[[ THE INPUT, beginning ]]

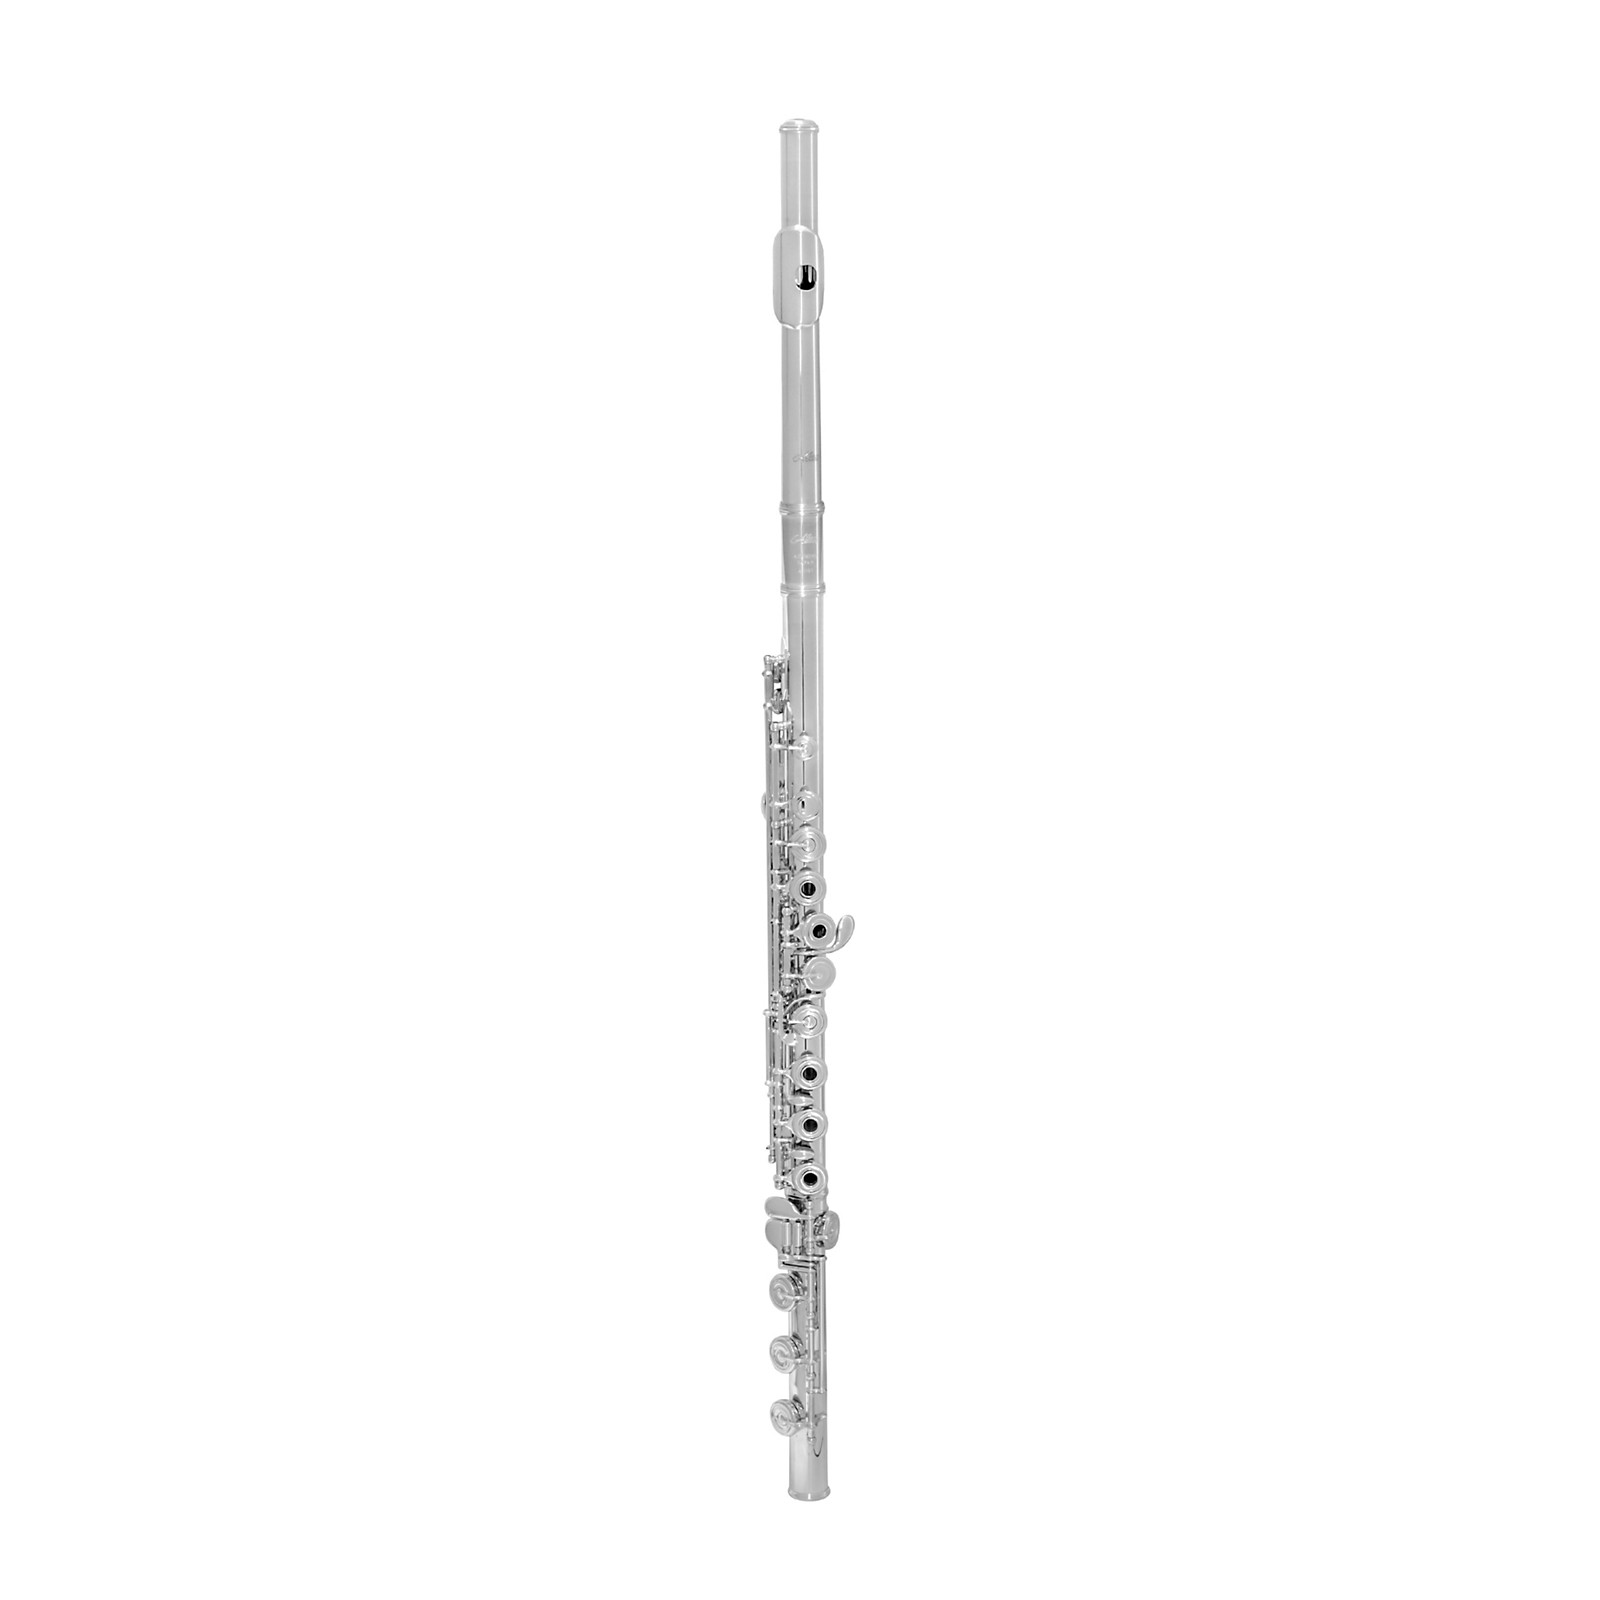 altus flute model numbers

[[ THE INPUT, end ]]
[[ THE INPUT, beginning ]]

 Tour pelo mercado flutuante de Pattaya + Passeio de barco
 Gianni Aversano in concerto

[[ THE INPUT, end ]]
[[ THE INPUT, beginning ]]

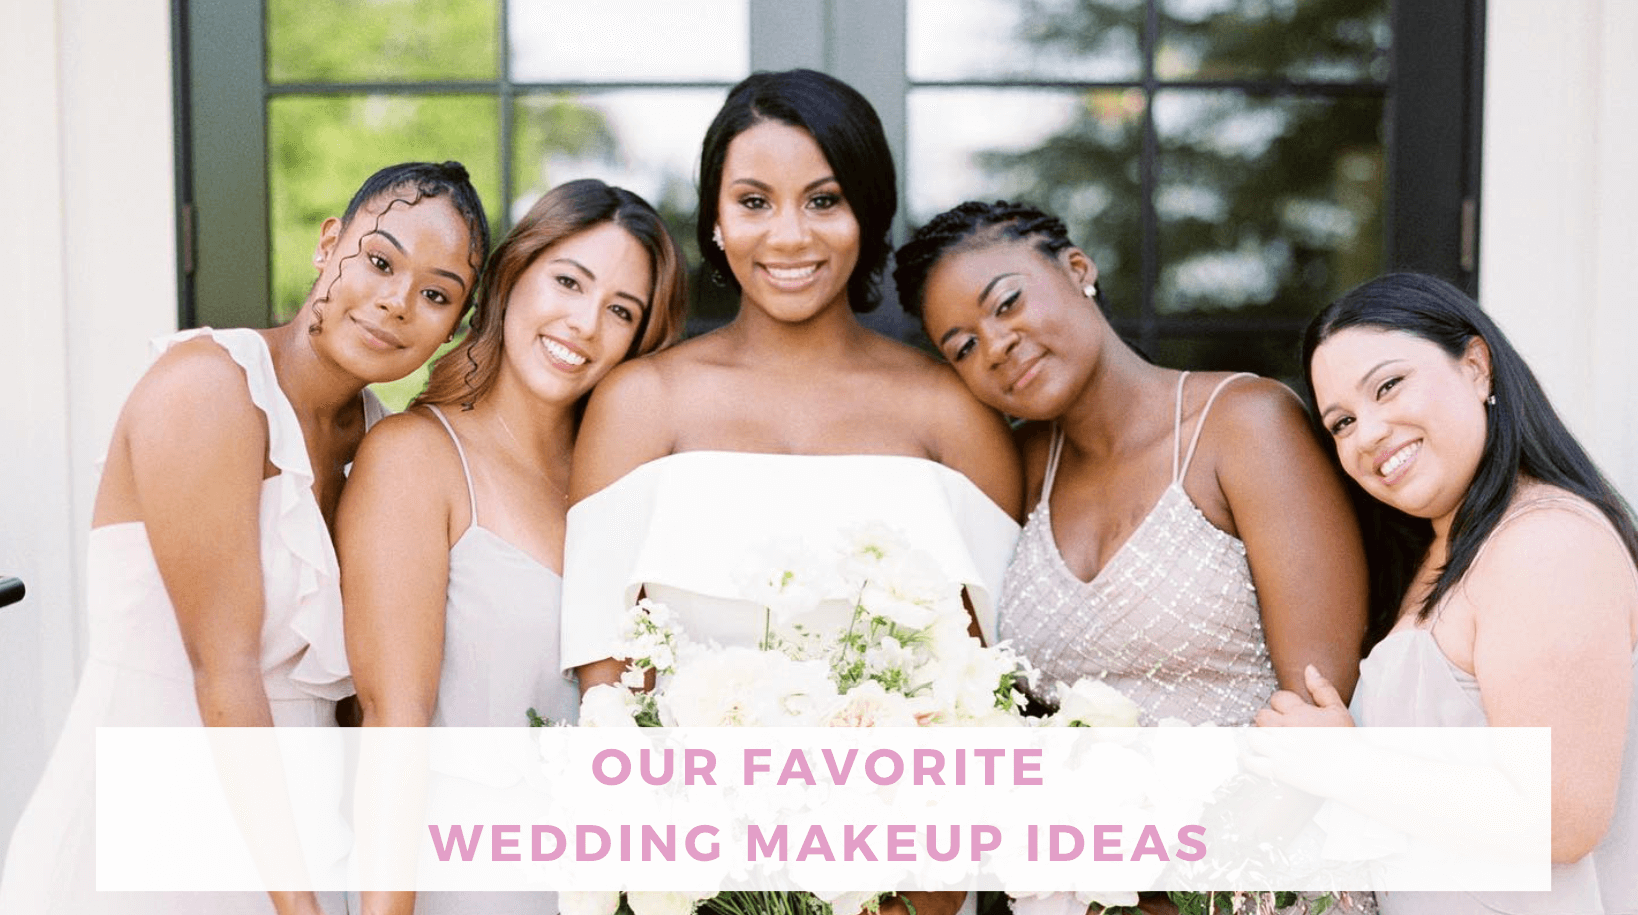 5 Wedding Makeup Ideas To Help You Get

[[ THE INPUT, end ]]

▶ _YOUR INSTRUCTIONS_
The entries above hold a line with "Tour pelo mercado" and a later line with "Gianni Aversano in concerto". Write out exactly those lines and all lines between, nothing more.

▶ _OUTPUT BELOW_
 Tour pelo mercado flutuante de Pattaya + Passeio de barco
 Gianni Aversano in concerto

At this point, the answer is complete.